The links between critical infrastructure systems and these 21st century imperatives are not always obvious. However, they are real and significant.


Throughout much of the 20th century, the United States was the global economic leader, and it remains so today. However, new technologies, political changes, and other factors have led to greater economic competition among nations, new production centers, and new trading patterns, all of which have implications for U.S. competitiveness in the future. The Internet and other technologies have changed the structure of businesses and the location of production centers around the world (Mongelluzzo, 2008). The development of “megaships” for transporting containerized goods, implementation of the North American Free Trade Agreement (NAFTA), and other major factors are changing trading patterns among nations. The fall of communism in the Soviet Union and Eastern Europe and the emergence of the European Union, China, and India as economic powers have resulted in greater wealth and consumer demand throughout the world (Gallis, 2008).
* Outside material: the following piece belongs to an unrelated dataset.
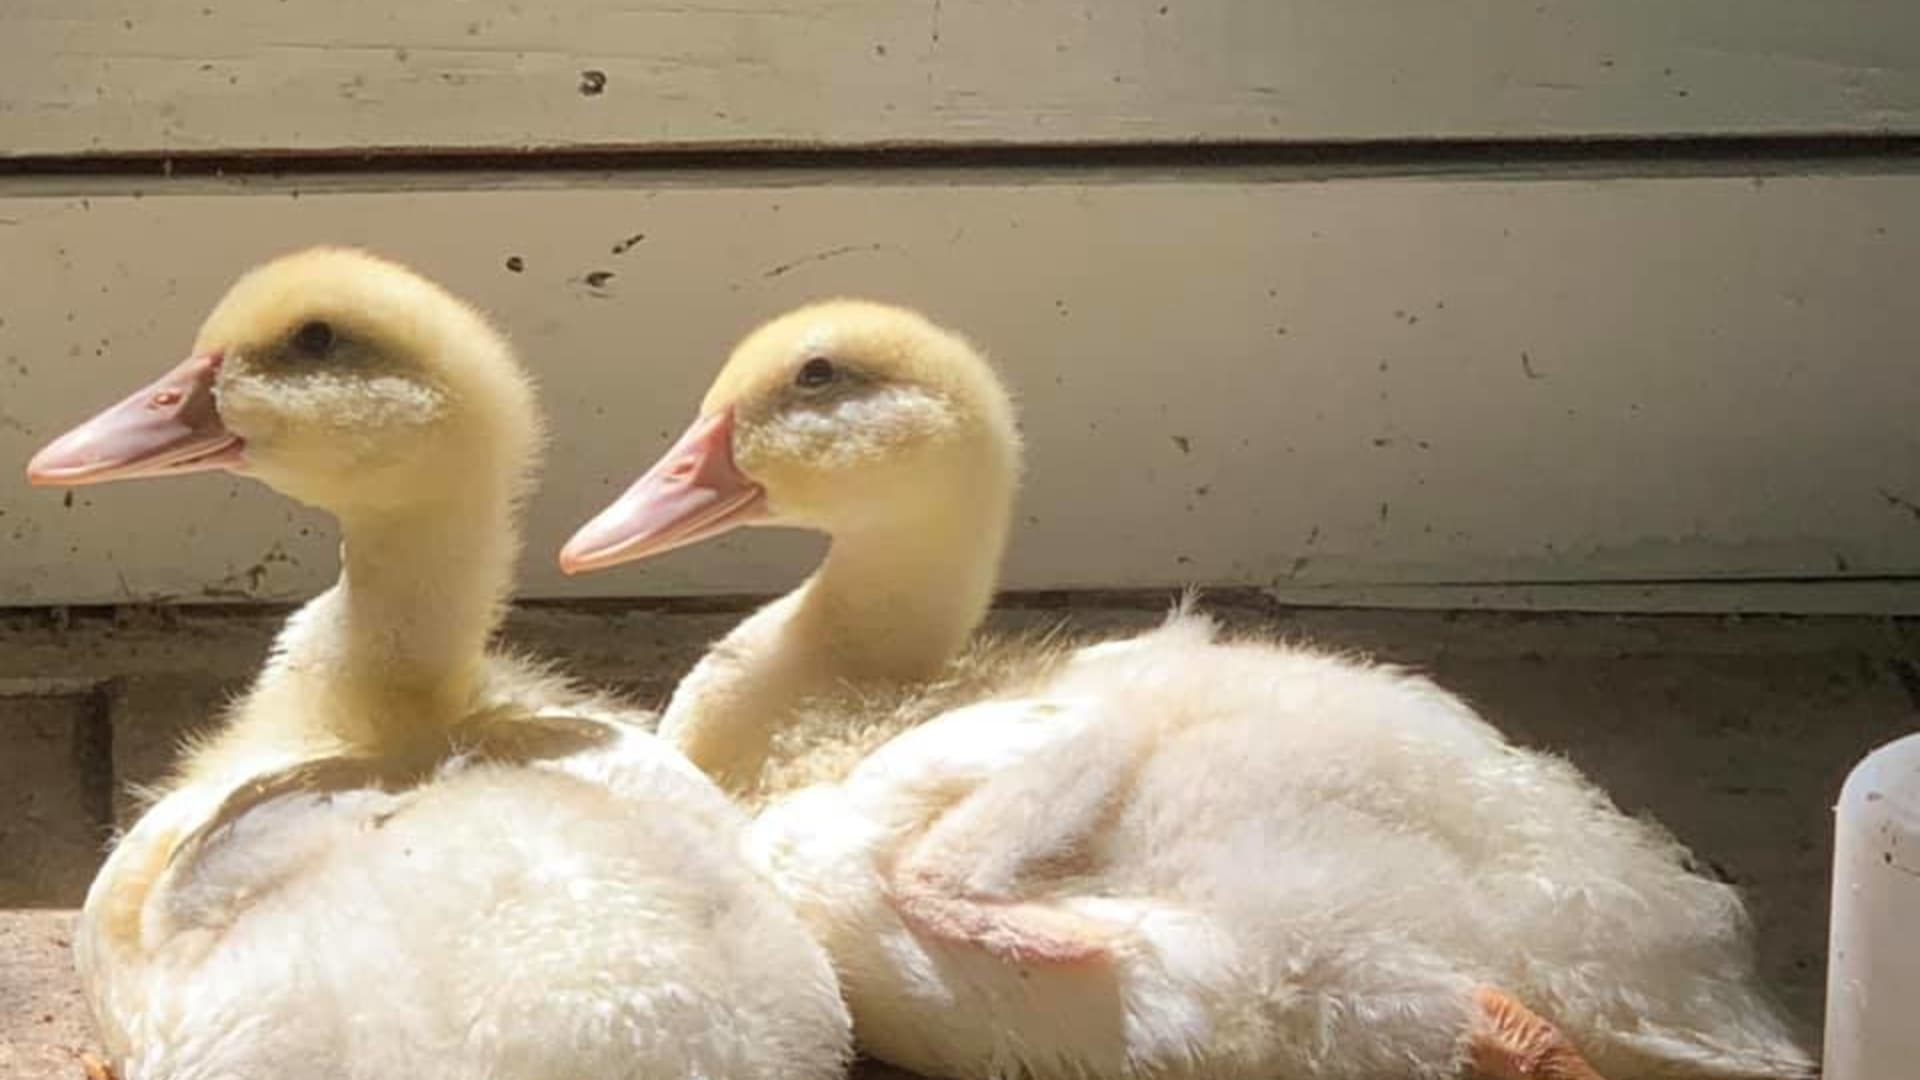 Thorne Melcher and Mandy Musselwhite own a homestead in metro Atlanta, which includes a farmhouse where they've raised six ducks, two geese and other animals.

For the United States, international trade (imports and exports) increased yearly between 1997 and 2005 as a proportion of the gross domestic product, a trend that is projected to continue through 2030 (Figure 2.1).

A key enabler of global trade is the “increasingly complex just-in-time supply chain logistics system, which depends, in turn, on reliable power, mobility, and water” (Doshi et al., 2007, p. 4). Critical infrastructure systems, in fact, provide the foundation for producing and moving goods and services to seaports, airports, and shipping terminals for export to other countries.

The primarily east-west configuration of the nation’s highways, railways, and shipping terminals reflects the trading patterns of the 20th century. Food, vehicles, and other goods were primarily produced in the center of the country and transported to major cities on the East, West, and Gulf Coasts for domestic consumption and for shipment to Europe and Asia.